5 years! I can’t believe it is now been 5 years! August 22, 2015 is the marker, the anniversary date, the day that I will probably remember for a long time… Why? See August 22nd, 2010, I was in a car accident, shortly after graduating from college, thinking I had my whole life ahead of me. The car accident totaled my car and spun my body into constantly pain and involuntary muscle spasms also known as dystonia.
Dystonia is a neurology condition for the brain that involves involuntary muscle spasms. My body would spasm, twitch, move, turn, twist without my control. 5 years ago I remember sitting in the doctor’s office and they said you will know how you are in 5 years. 5 years it will take for the dystonia to manifest in my body and it has. A few months ago I went in for Botox at this point the Botox had totally wore off my body and for a week I was absolutely miserable. My body constantly pulled. I laid in bed and began losing hope again and again. It was a dejavu from 2010 when I was bedridden from the dystonia.
Anniversaries are hard. Some are joyous memories. I remember meeting my mentor Marianne for the first time almost 5 years ago. Last Sunday I went to church with her to worship. It was a joyful memory for us to look back at the almost 5 years together and the ways God brought us together. Some anniversaries aren’t so good. The anniversary of the car accident is hard one for me. It depleted my dreams of teaching. I sit here on a day that I could have been grading papers and lesson planning feeling sad that I am not teaching in the way I had dreamed. These anniversaries will be lasting memories and marked in our minds whether we like it or not.

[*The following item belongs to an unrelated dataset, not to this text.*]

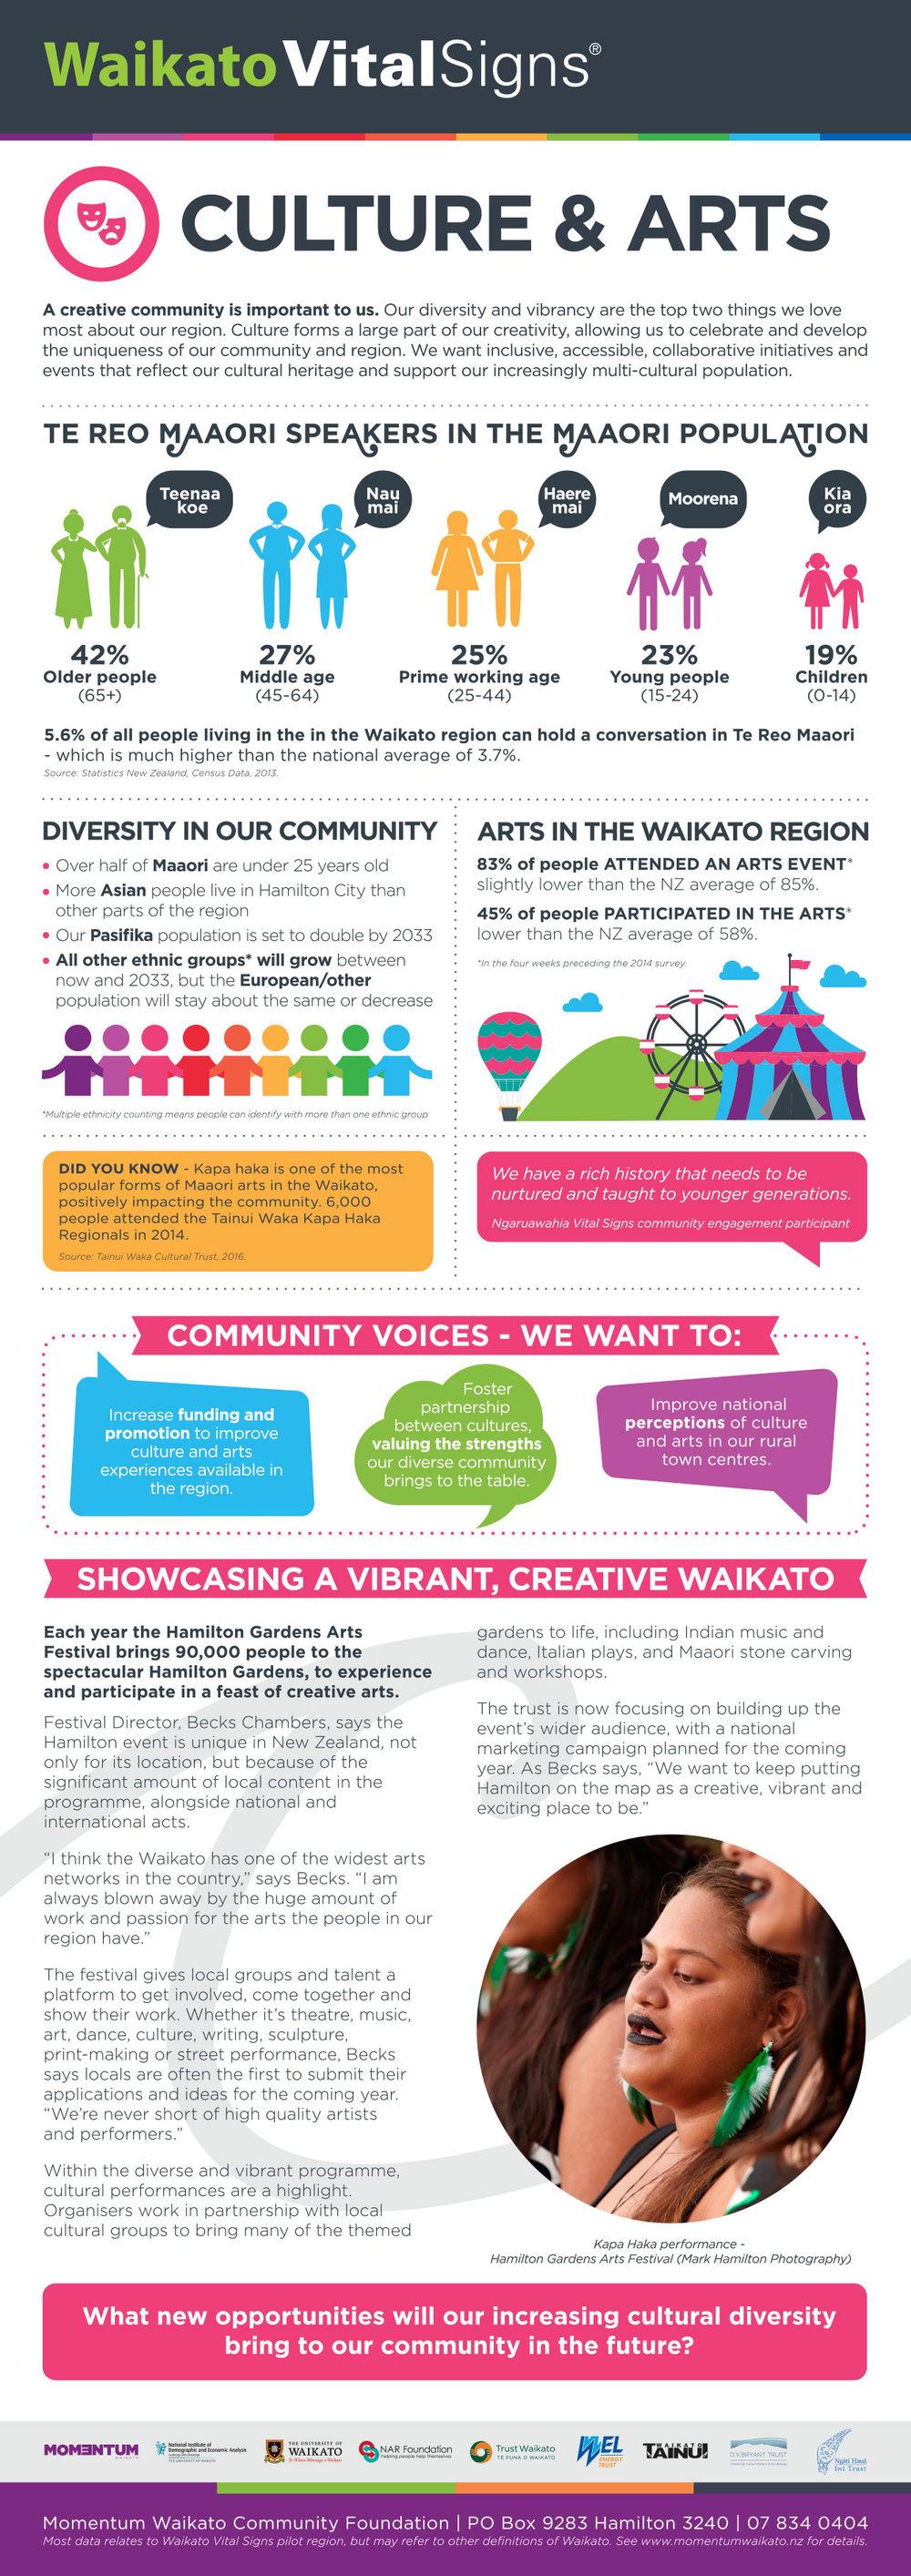 WVS_Culture_Arts_Panel.jpg

As we remember these anniversaries though, how will you remember, celebrate, and take these in? Even though this 5 year marker is pivotal for me, I am doing what I can to celebrate in it. I am doing what I can to be okay with it. I don’t like it. I didn’t choose it. I didn’t want it. I am trusting. It is okay. I will be okay. I will look at this marking moment perhaps not as a good one, but one as a growing experience. I know that my life has impacted and changed many people’s lives through this anniversary. I am grateful for that.
What are the anniversaries in your life? Are they good ones or bad ones? For the harder ones, what do you do with that? How do you live in HOPE despite these challenging anniversaries that seep into our lives?